JTF (just the facts): A total of 10 color photographs, framed in black and unmatted, and hung against white walls in the main gallery space. All of the works are archival pigment prints, made between 1984 and 1991. Physical sizes are either roughly 40×50 inches (with variations of an inch or two) or 30×40 (with similar small variations), with edition sizes of 6 for the larger size and 10 for the smaller. (Installation shots below.)
Comments/Context: Galleries often decide to host shows of work to coincide with the opening of major museum exhibitions, the publication of monographs, or other notable events, in an effort to amplify (and capitalize on) the renewed interest that is often generated. In this particular case, this show of prints from Larry Sultan’s landmark 1980s series “Pictures from Home” is synched up with a creative reimagining of the work as a Broadway play, starring Nathan Lane, Danny Burstein, and Zoë Wanamaker (here).
“Pictures from Home” has been deservedly celebrated since its introduction for its synthesis of documentary and performative image making that sensitively chronicled the daily lives of the artist’s parents. The work was included in the 1989 MoMA group show “California Photography: Remaking Make-Believe” (which included collaboratively staged prints like the ones in this show as well as appropriated home movie stills), and then took shape as a now-legendary photobook in 1992 (which was reissued in an expanded edition by MACK in 2021, here). In the years since Sultan’s death in 2009, the series has also been prominently featured in a traveling retrospective of his work, with stops at LACMA (in 2015, here) and SFMOMA (in 2017, here).
Part of what made “Pictures from Home” in book form so memorable was its innovative mix of picture making styles and its inclusions of narrative texts and interviews that added nuance to the visual stories being told. This show strips away some of that complexity and subtlety, by simply narrowing down to a selection of 10 image highlights, several of which are among the most well known in the larger project. In this way, the show doesn’t tell us anything particularly new about Sultan, his parents, or these photographs, but instead offers a tightly edited summary or refrain for those that might have had their interest rekindled by the play.
The setting of Sultan’s project was his parents’ modest single story home on a golf course in the San Fernando Valley of Southern California, and the everyday rhythms of their American retirement lifestyle are its central subject. As seen in Sultan’s photographs (made over half a dozen years or so, mostly in the late 1980s), the colors, fashions, furnishings, and overlooked moments of their lives feel archetypal, with the son seeing his parents with compassionate attention and insight, even when the intimacies (and resulting allegories) are more overtly composed or arranged.

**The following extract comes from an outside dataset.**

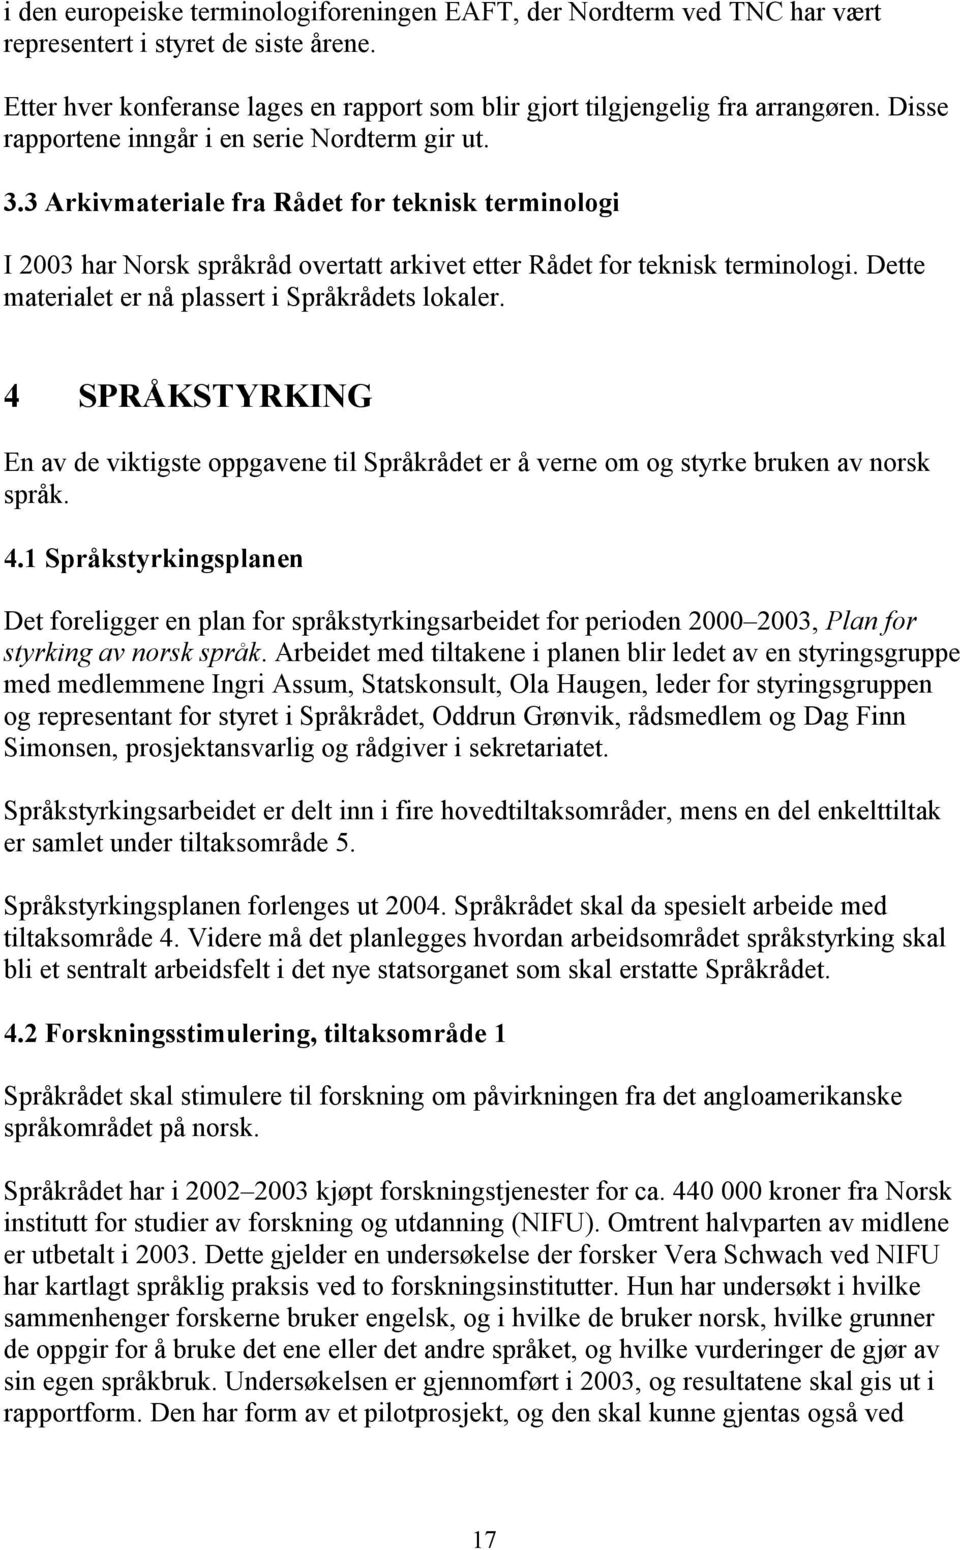 Dette materialet er nå plassert i Språkrådets lokaler. 4 SPRÅKSTYRKING En av de viktigste oppgavene til Språkrådet er å verne om og styrke bruken av norsk språk. 4.1 Språkstyrkingsplanen Det foreligger en plan for språkstyrkingsarbeidet for perioden 2000 2003, Plan for styrking av norsk språk.

Many of the selections in this edit feature Sultan’s father Irving, who after a corporate career at Schick has somewhat awkwardly settled into the routines of retirement. Sultan shows him reading the business section of the newspaper at breakfast (with the sun streaming through the pages that obscure him) and watches as he sits on his bed dressed in his formal business suit, like a man ready to head out to work, like he had done almost every other day of his adult life – the slight slump in his posture (or maybe just the sag of the bed) gives him an air of resignation, uncertainty, or of aspirational dreams not quite fulfilled.
Irving seems to fill his time with a range of ordinary retirement activities, none of which seems to entirely engage him. He tunes his golf swing inside on the green shag carpet, while watching the news on TV. He sets up a ladder to do the chore of pruning the pink bougainvillea, and later looks out the lit window nearby at the unfinished job. He gets ready for a swim in the pool, surrounded by the patio furniture and armed with his towel, an inflatable mat, and a dull blank stare. And on another day, he examines the empty pool with a flat mood of regret, with the sunny skies, the palm trees, and the twisting sprinklers of the golf course as an almost ironically idyllic backdrop.
The rest of the images on view document the dynamics of the two parents together. They read their separate magazines and newsletters in bed; bicker (or perhaps help each other) over the functioning of the vacuum; and face an ominously red sunset together from the patio. One of the signature images from the series is a portrait of Sultan’s mother Jean posing against a lime green wall, while Irving sits nearby and watches the LA Dodgers on TV. The white furnishings and patterned shirts give the scene some flair, but it’s the physical separation and layered direction of attention (not to mention the implication of gendered behaviors) that gives the picture its durable bite.
Having seen these images many times over the years, I felt a slightly deeper sense of melancholy in them this time than in previous viewings – perhaps as the miles on my own odometer pile up, such scenes of empty (and even anxious) retirement, however staged or performed, feel somewhat more despairing. Irving practicing his golf swing in his living room isn’t so much a joke or an eccentricity any more as something slightly more bored and lonely, a narrowing and constraining of opportunities rather than a badge of irreverent freedom.
Collector’s POV: The prints in this show are priced between $18000 and $40000 for the smaller size and between $25000 and $67000 for the larger size, with one of the large APs marked POR. Sultan’s work has only been intermittently available in the secondary markets in recent years, with recent prices ranging between roughly $5000 and $35000.